"Is the time ripe for me to speak in sober earnest?" he questioned softly. She drew back again in swift alarm.

"No, no! Not now—not yet. Do not say anything now, Mr. Schmidt, that may put an end to our—to our adventure."

She was so serious, so plaintive, and yet so shyly prophetic of comfort yet to be attained, that his heart warmed with a mighty glow of exaltation. A sweet feeling of tenderness swept over him.

"If God is good, there can be but one end to our adventure," he said, and then, for some mysterious reason, silence fell between them. Long afterward—it seemed hours to him!—she spoke, and her voice was low and troubled.

"Can you guess why I am being watched so carefully, why I am being followed so doggedly by men who serve not me but another?"

"Yes. It is because you are the greatest jewel in the possession of a great man, and he would preserve you against all varlets,—such as I."

She did not reveal surprise at his shrewd conjecture. She nodded her head and sighed.

"You are right. I am his greatest jewel, and yet he would give me into the keeping of an utter stranger. I am being protected against that conscienceless varlet—Love! If love lays hands upon me—ah, my friend, you cannot possibly guess what a calamity that would be!"

"And love will lay hands upon you, Bedelia,—"

"I am sure of that," she said, once more serene mistress of herself after a peculiarly dangerous lapse. "That is why I shudder. What could be more dreadful than to fall into the clutches of that merciless foe to peace?

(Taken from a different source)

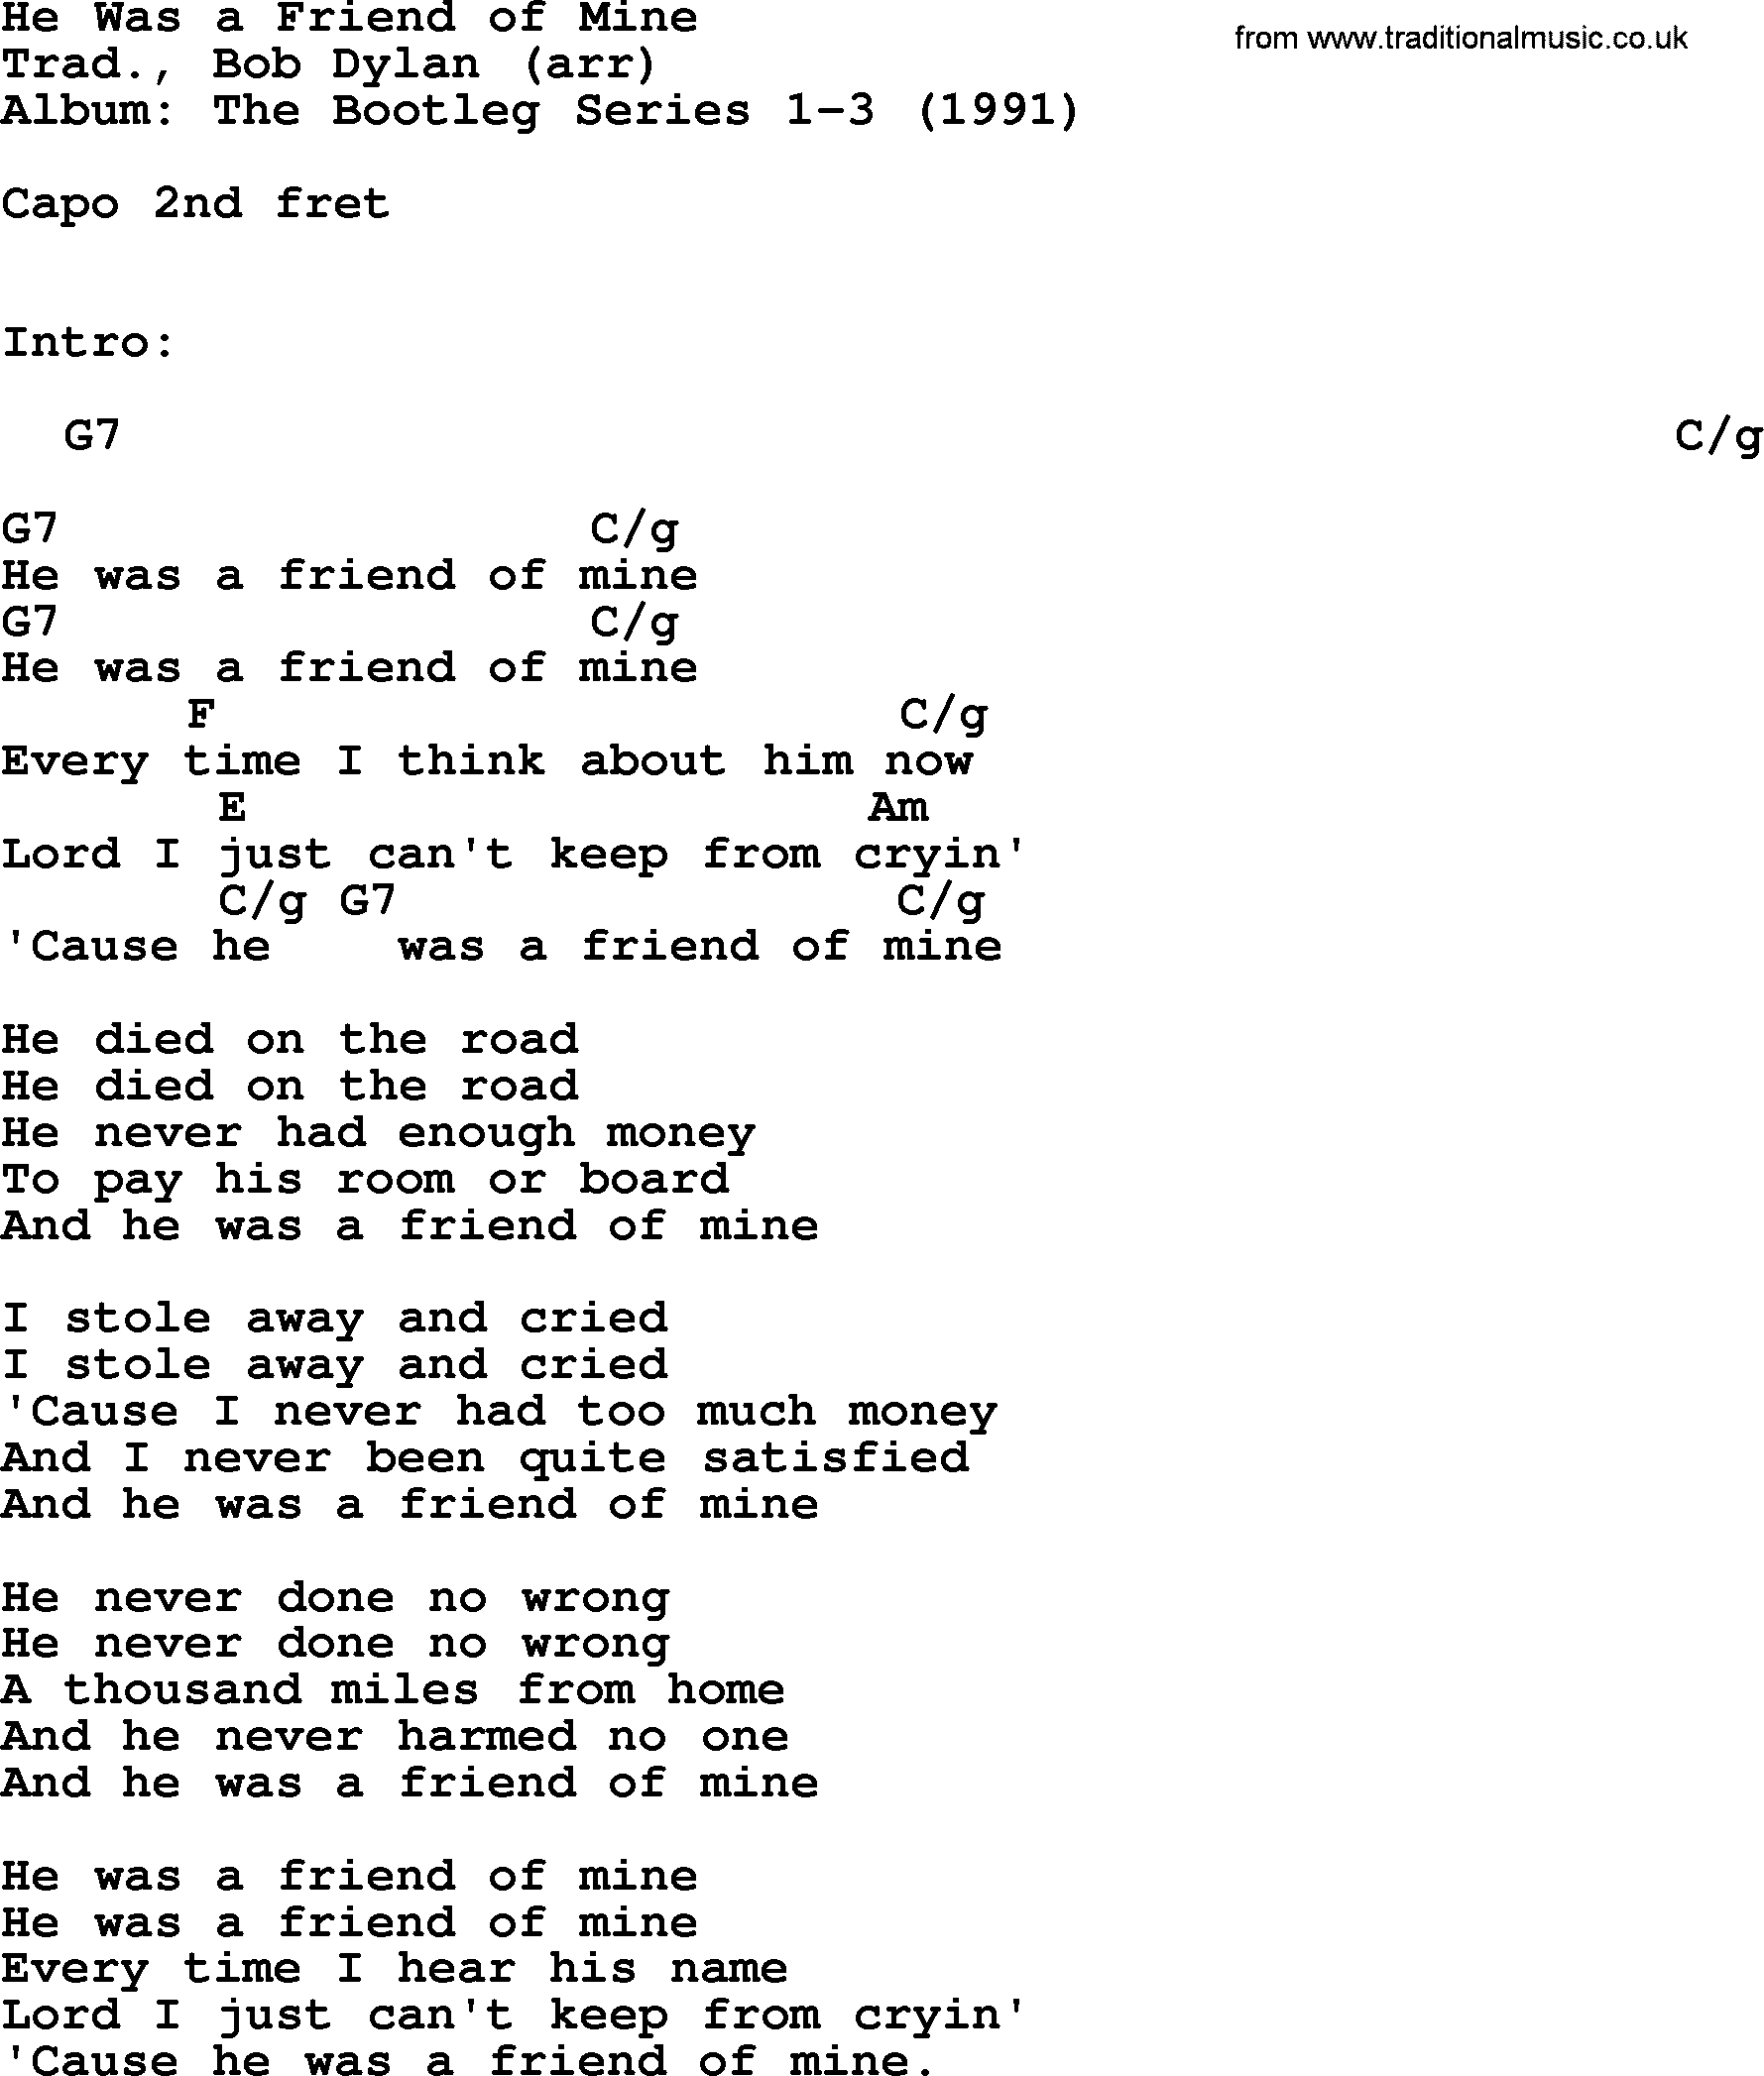 Bob Dylan song, lyrics with chords - He Was a Friend of Mine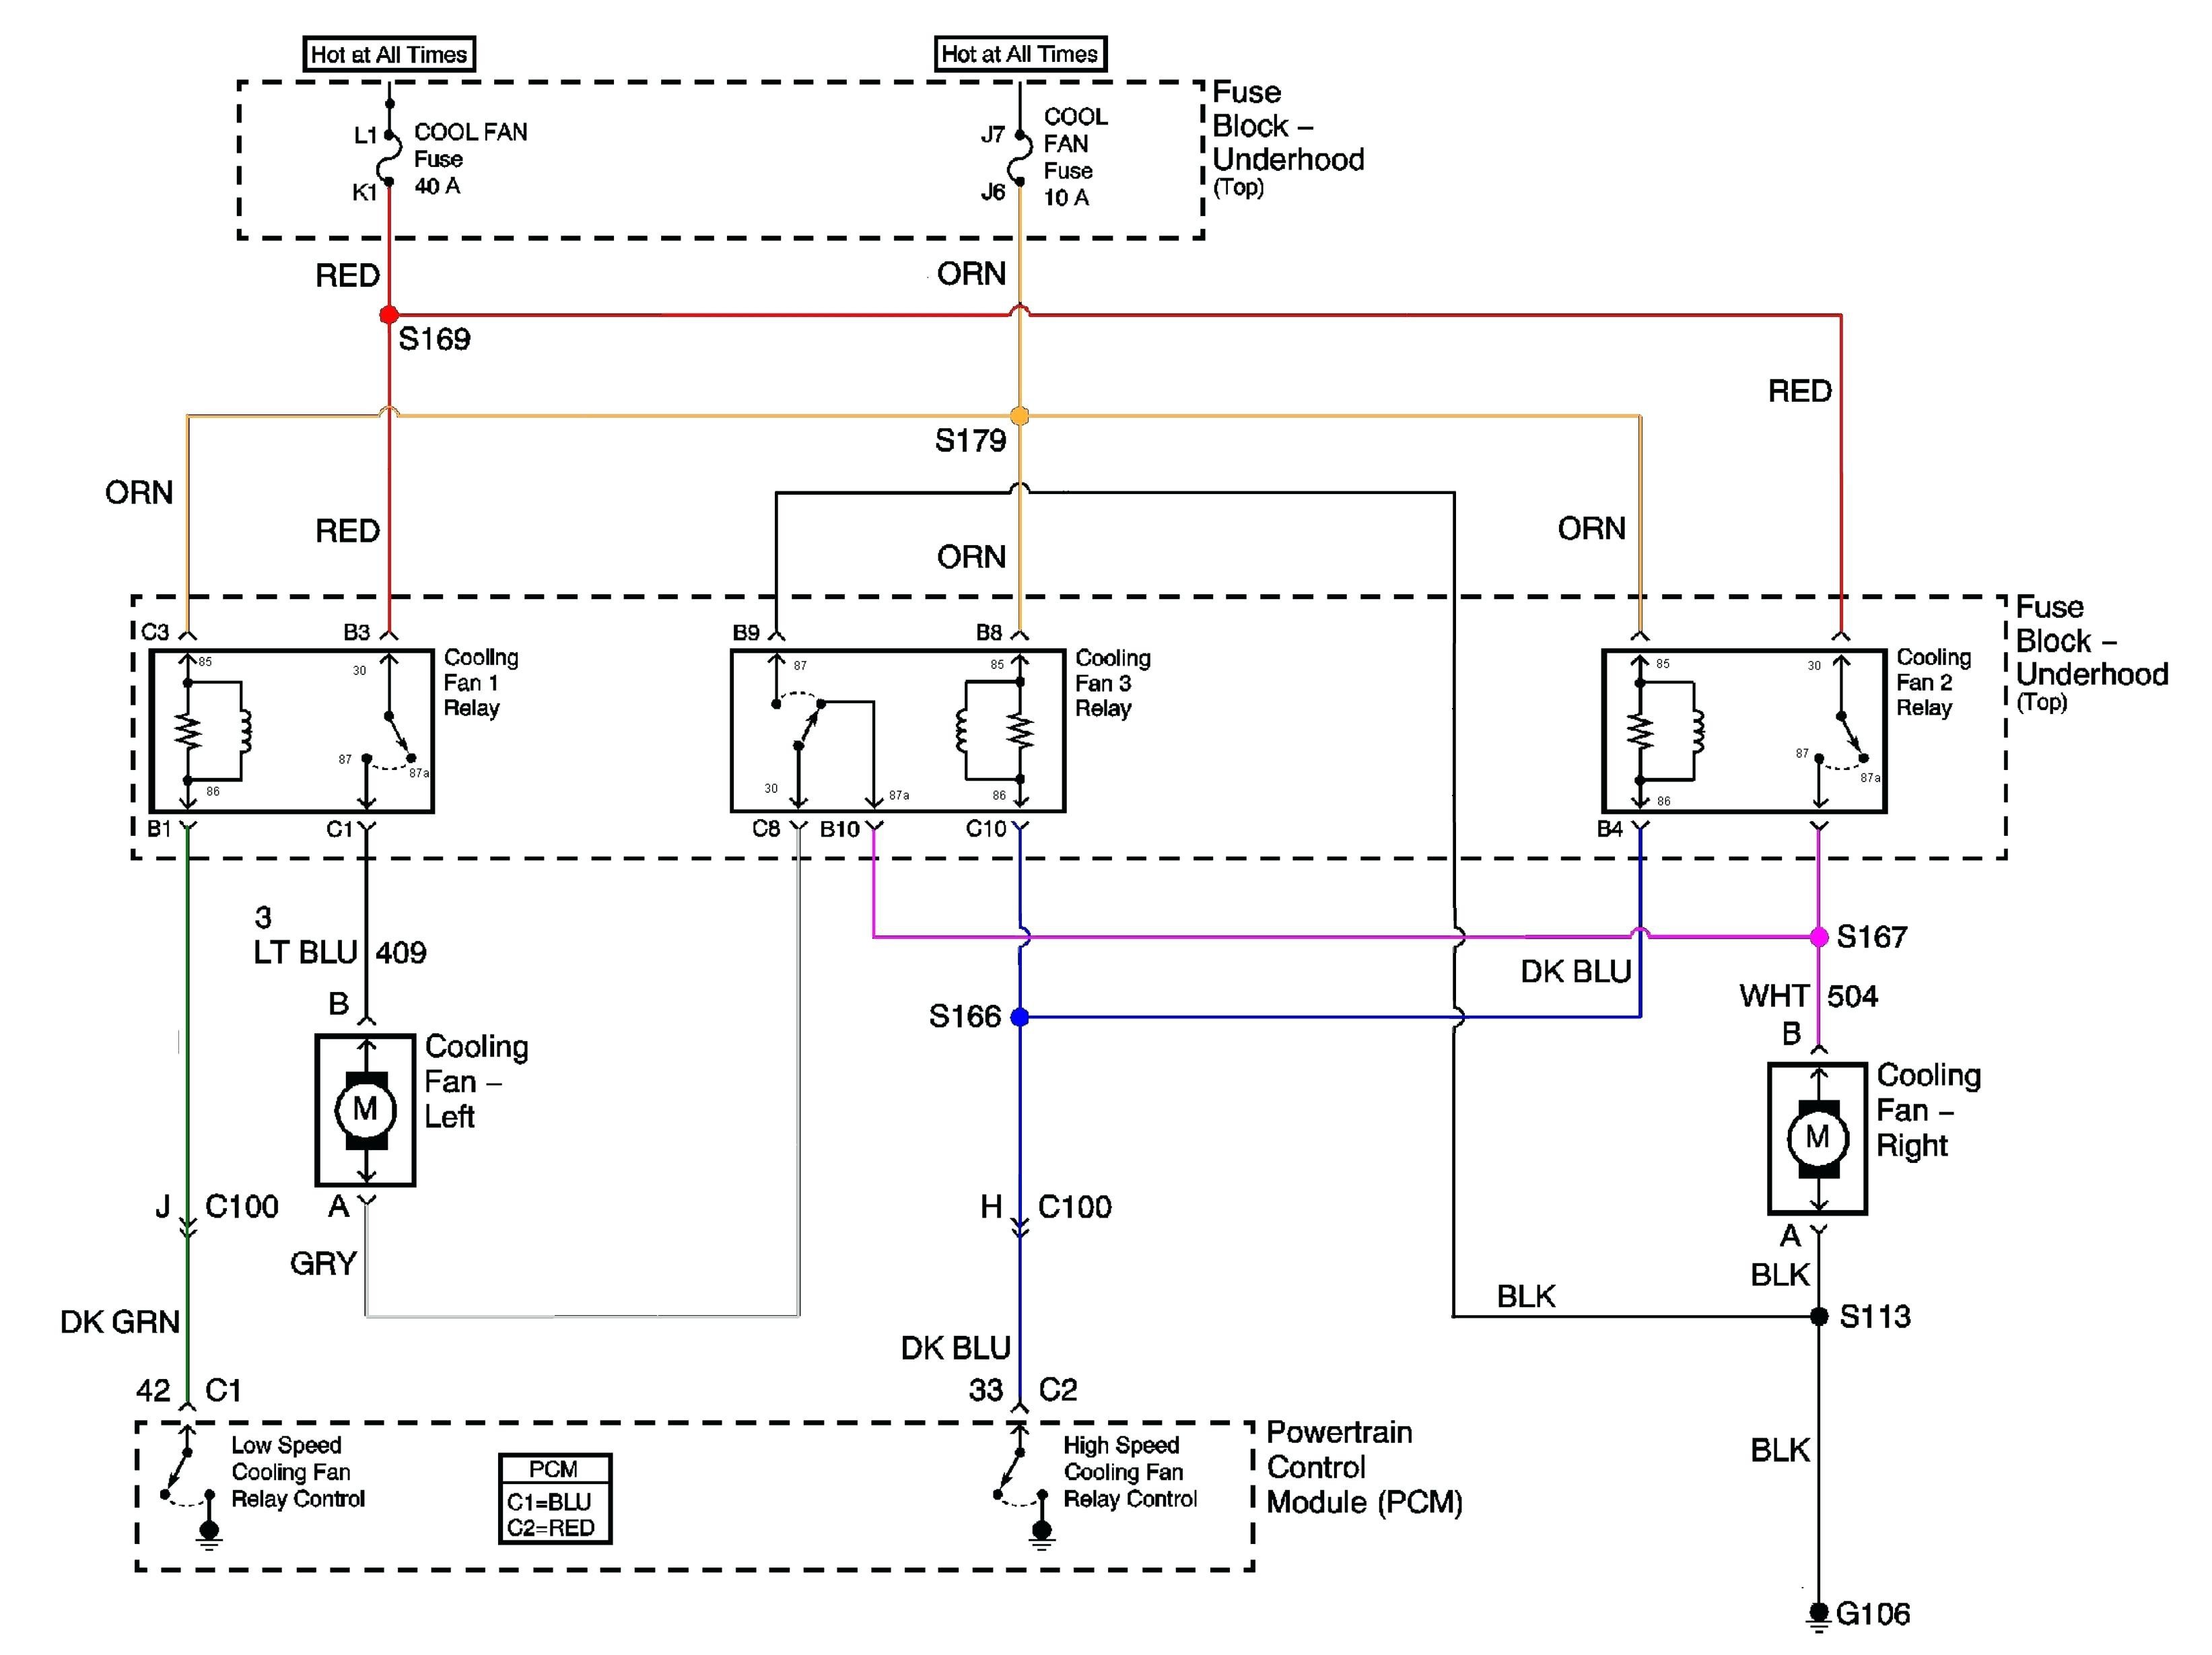 Cooling Fan Relay Wiring Diagram Beautiful Wiring Diagram Cooling Fan Relay Electrical Switch Lighting for

He rends one's heart into shreds; he stabs in the dark; he thrusts, cuts and slashes and the wounds never heal; he blinds without pity; he is overbearing, domineering, ruthless and his victims are powerless to retaliate. Love is the greatest tyrant in all the world, Mr. Schmidt, and we poor wretches can never hope to conquer him. We are his prey, and he is rapacious. Do you not shudder also?"